In 2013, the Journal of Toxicology published an article which attempted to quantify to what extent cannabis consumers may be exposed to pesticide and other chemical residues when they inhaled cannabis smoke. The authors noted that in 2009 the Los Angeles City Attorney’s office had tested medical samples available in California dispensaries and found two of the three samples they tested had extremely high levels of bifenthrin, a chemical used in pesticides. Further, the study found that recovery of pesticides in unfiltered smoking media such as glass pipes and water pipes ranged from 69.5% to 42.2%. Recovery from filtered water pipes was significantly lower – only .08% to 10.9%.

Substantial Litigation Risks For A “Growth” Industry?

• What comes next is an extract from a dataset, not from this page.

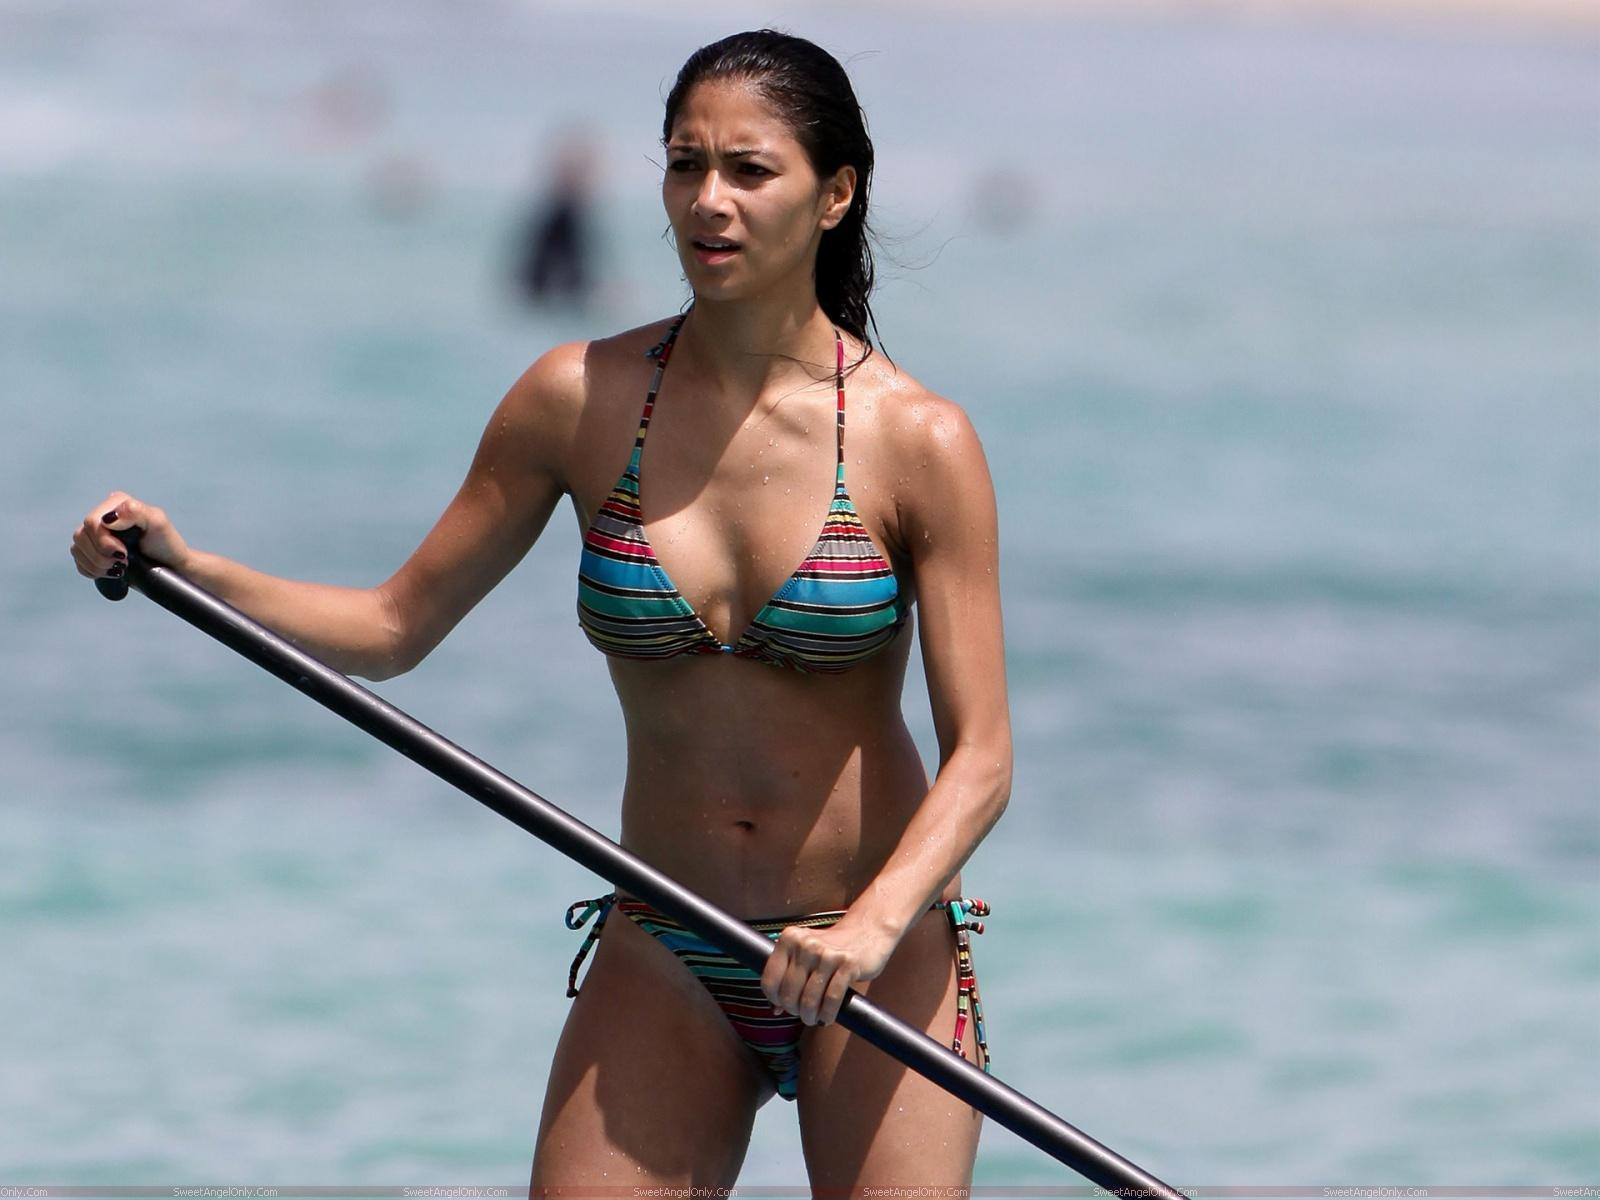 http://1.bp.blogspot.com/-U2NgzPUngRw/Tuc4YNpZUAI/AAAAAAAAEg0/CKLWyL-guEk/s1600/hot-actress-nicole-scherzinger-bikini-wallpapers-1320822584nicole_scherzinger_in_bikini_swimwear.jpg

As more states allow the legal use of cannabis, the state regulatory agencies are beginning to consider regulations for the industry. Inevitably, this leads to questions as to how existing state and federal environmental laws may apply to plants and their associated fertilizers, pesticides and growth agents. As a result, many producers of legal marijuana may be forced to guess what products may work on their crops, what products are safe when marijuana is smoked, what products are safe on plants ingested in foods, as well as what – if any – warnings may be required when their products are sold. At the same time, emerging businesses in the fledgling industry will likely find themselves beset by the same kinds of toxic tort litigation faced by other manufacturers, including pharmaceutical companies, for various alleged injuries as well as failure to warn of those potential injuries. Thus, as the LivWell case demonstrates, more claims for toxic injury may be on the horizon as the industry grows.